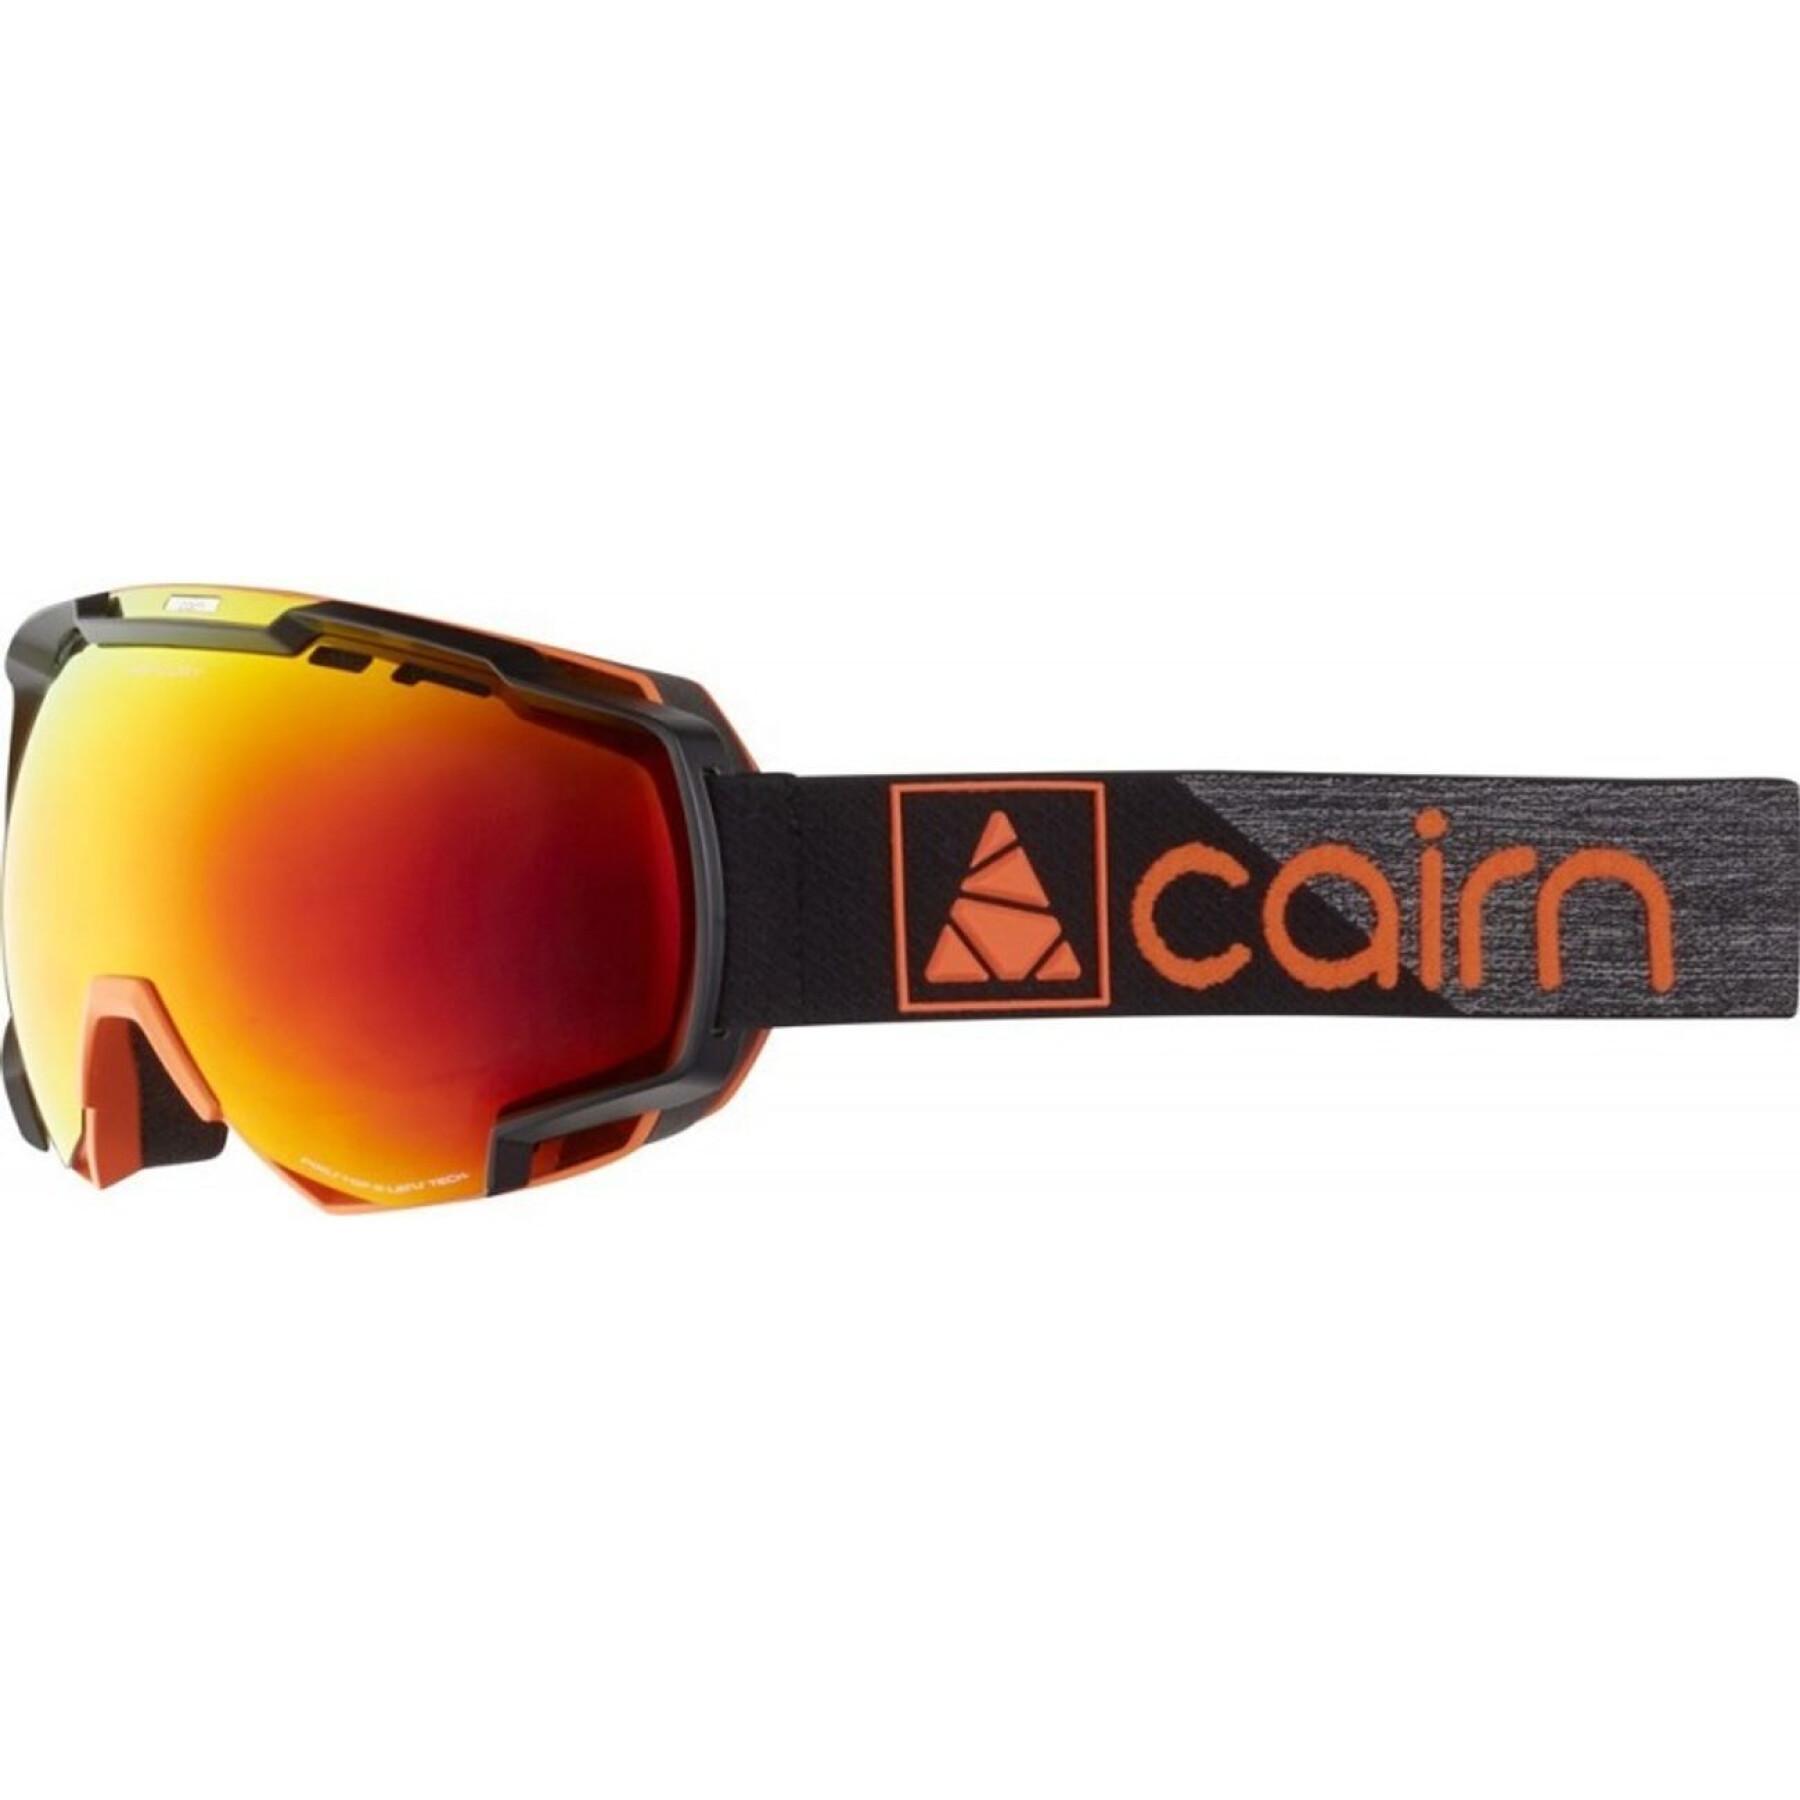 Ski mask Cairn Mercury SPX3000 [Ium]
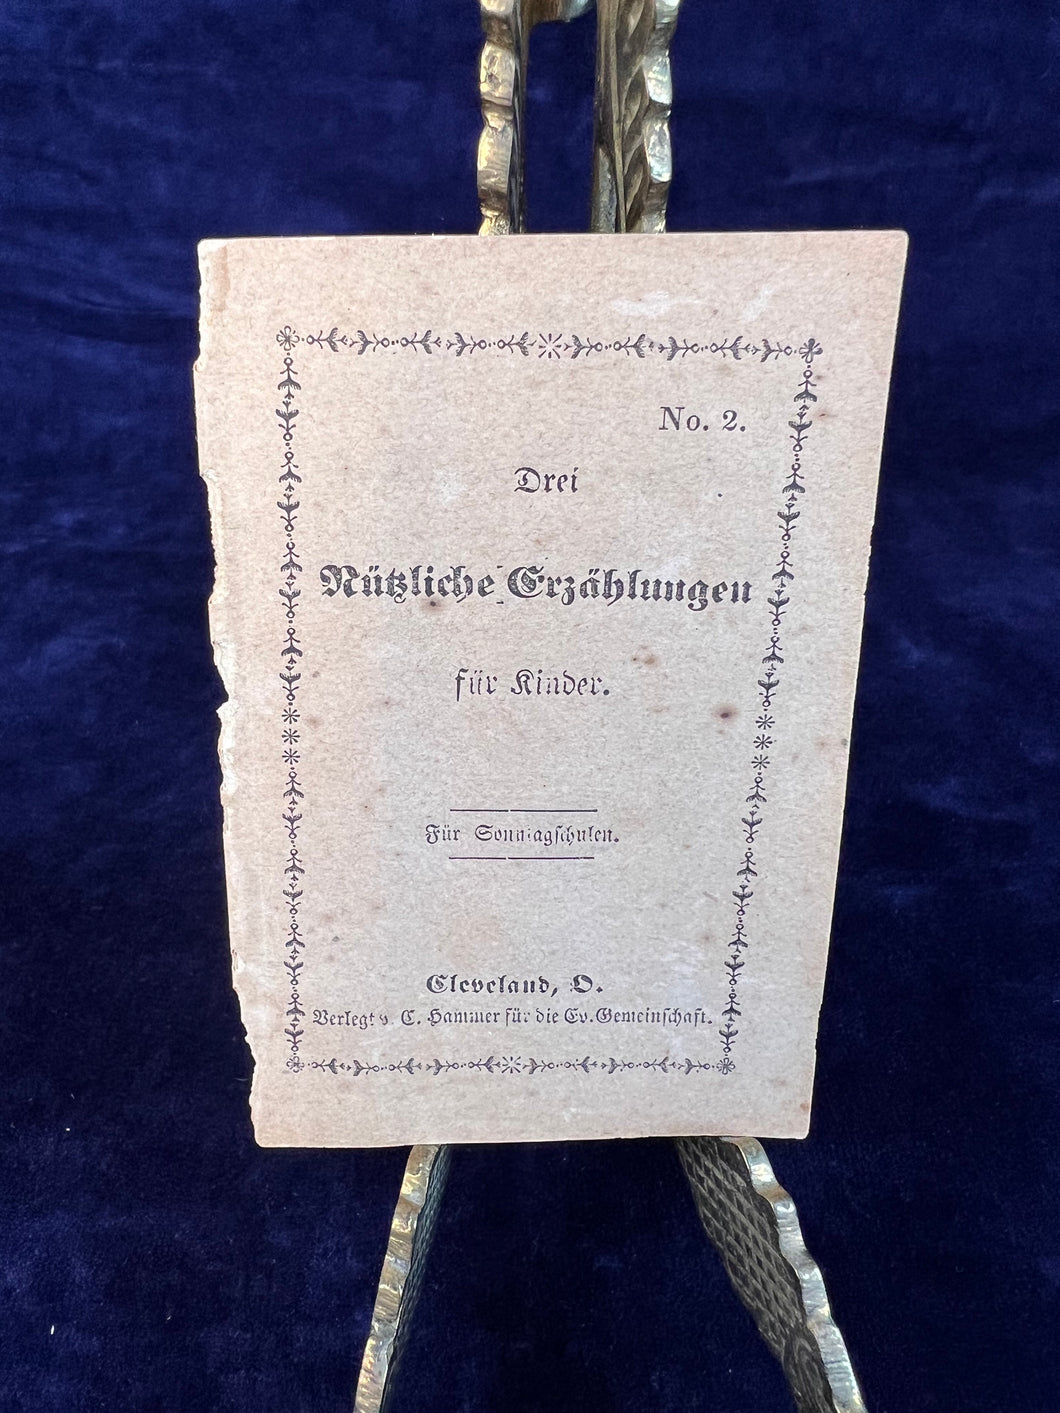 German Chapbook Printing in Ohio: Drei Nußliche Erzählungen für Kinder (1858)
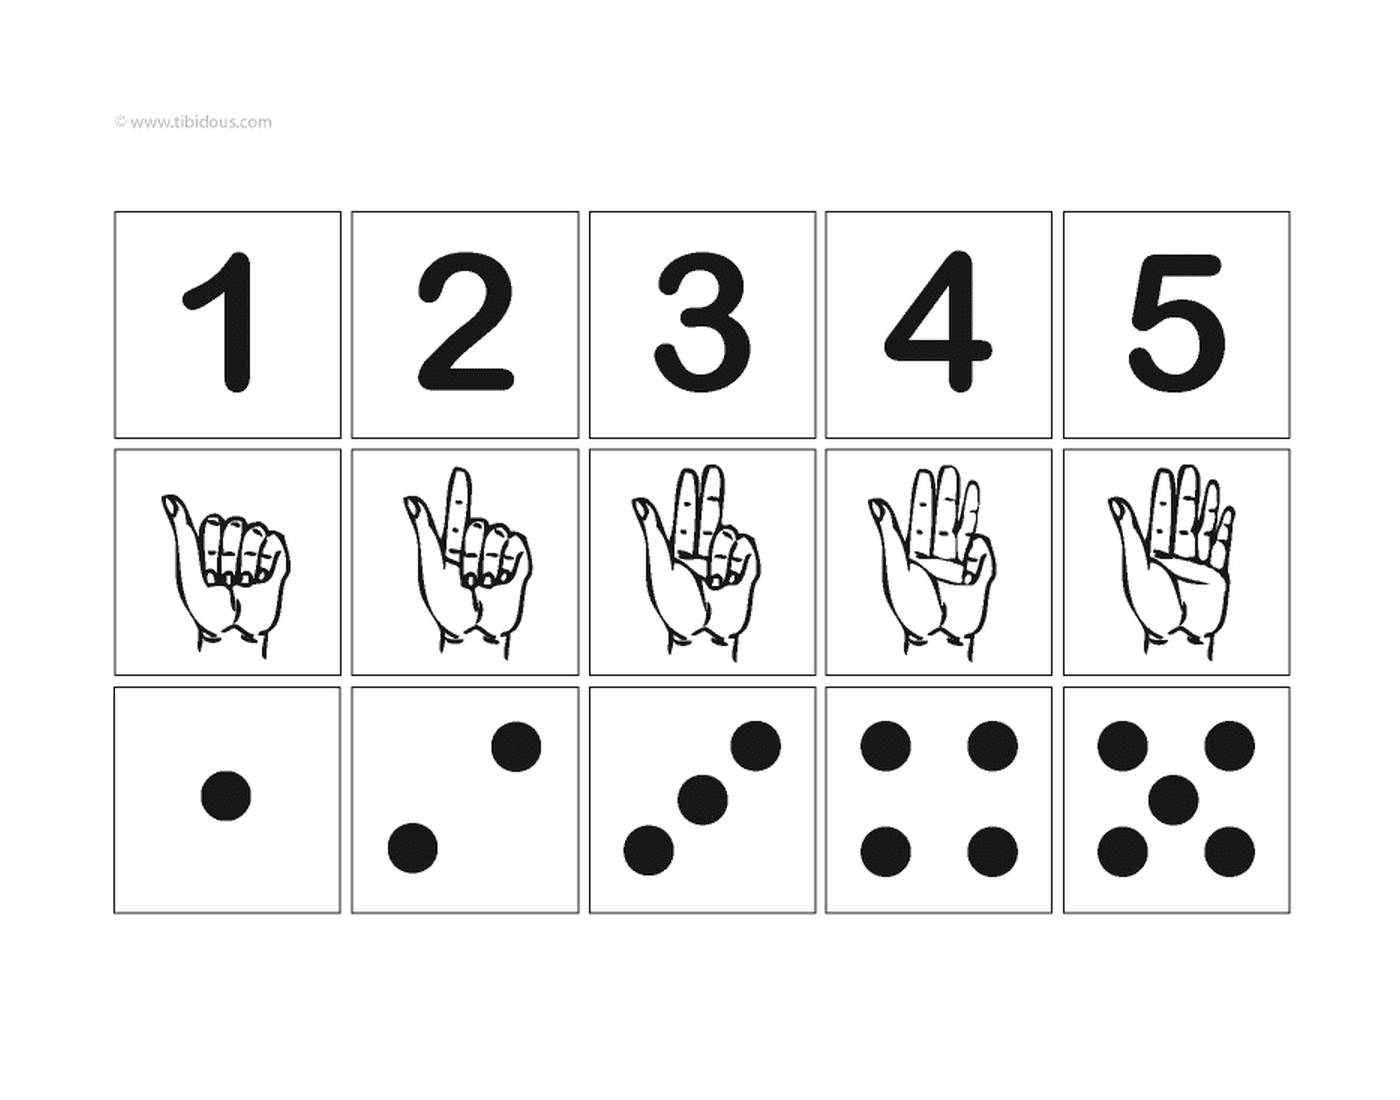  Zahlen von eins bis fünf mit Zeichen und Illustration 
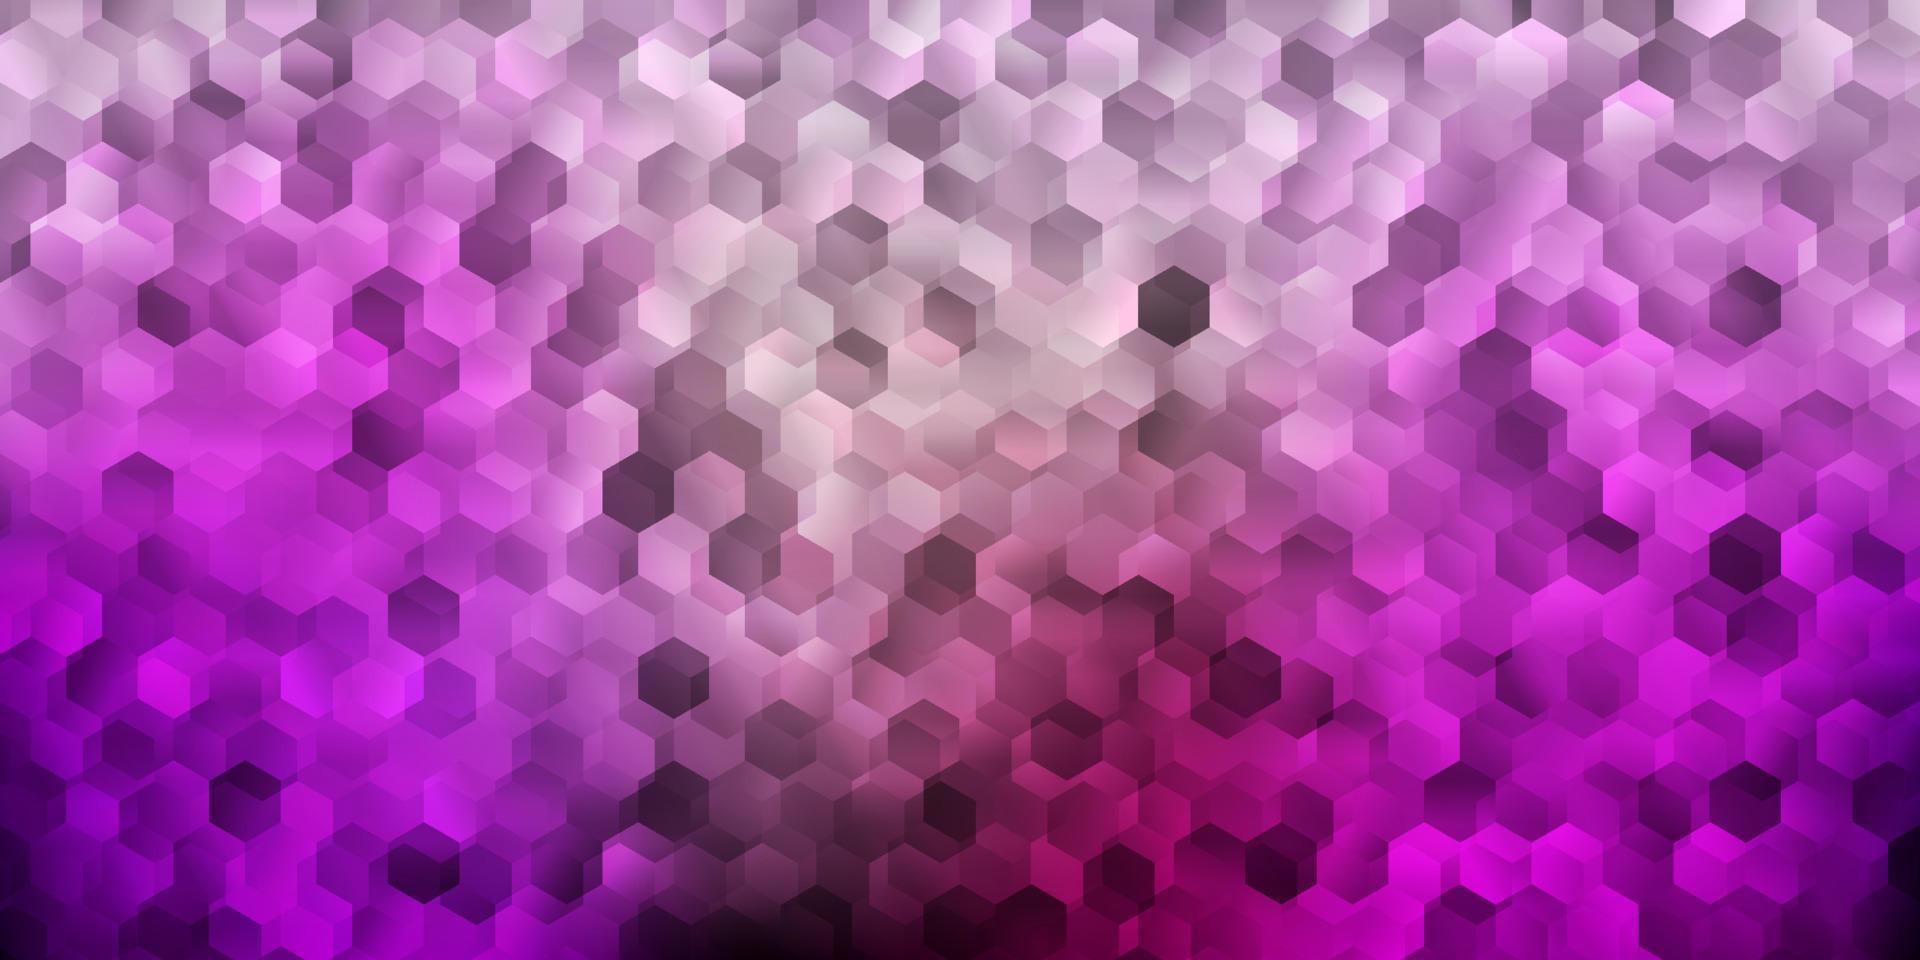 modelo de vetor roxo e rosa escuro em estilo hexagonal.
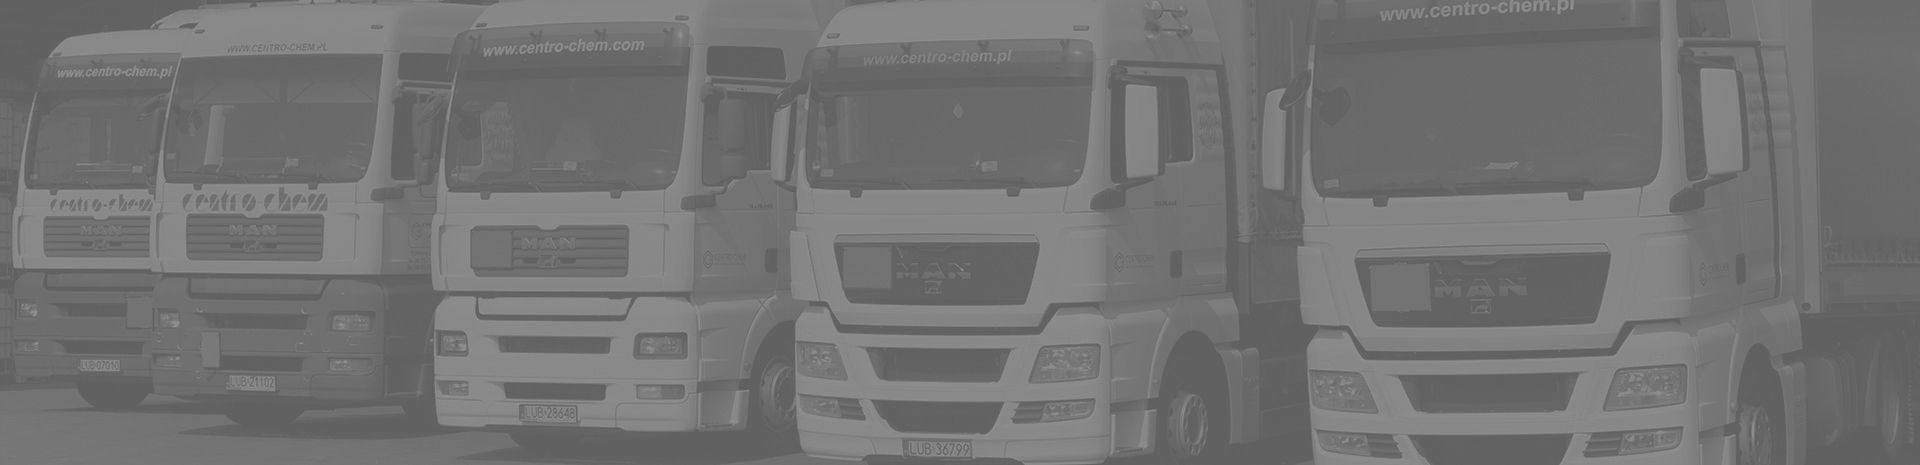 Własna flota samochodów ciężarowych  Skontaktuj się z nami

* * * * *

-- REQUIRED ACTION --
Transcribe the records above exactly, excluding every picture.

-- TASK RESULT --
 Ski mask Cairn Mercury SPX3000 [Ium]
 German Chapbook Printing in Ohio: Drei Nußliche Erzählungen für Kinder (1858)
  Zahlen von eins bis fünf mit Zeichen und Illustration 
 modelo de vetor roxo e rosa escuro em estilo hexagonal.
 Własna flota samochodów ciężarowych  Skontaktuj się z nami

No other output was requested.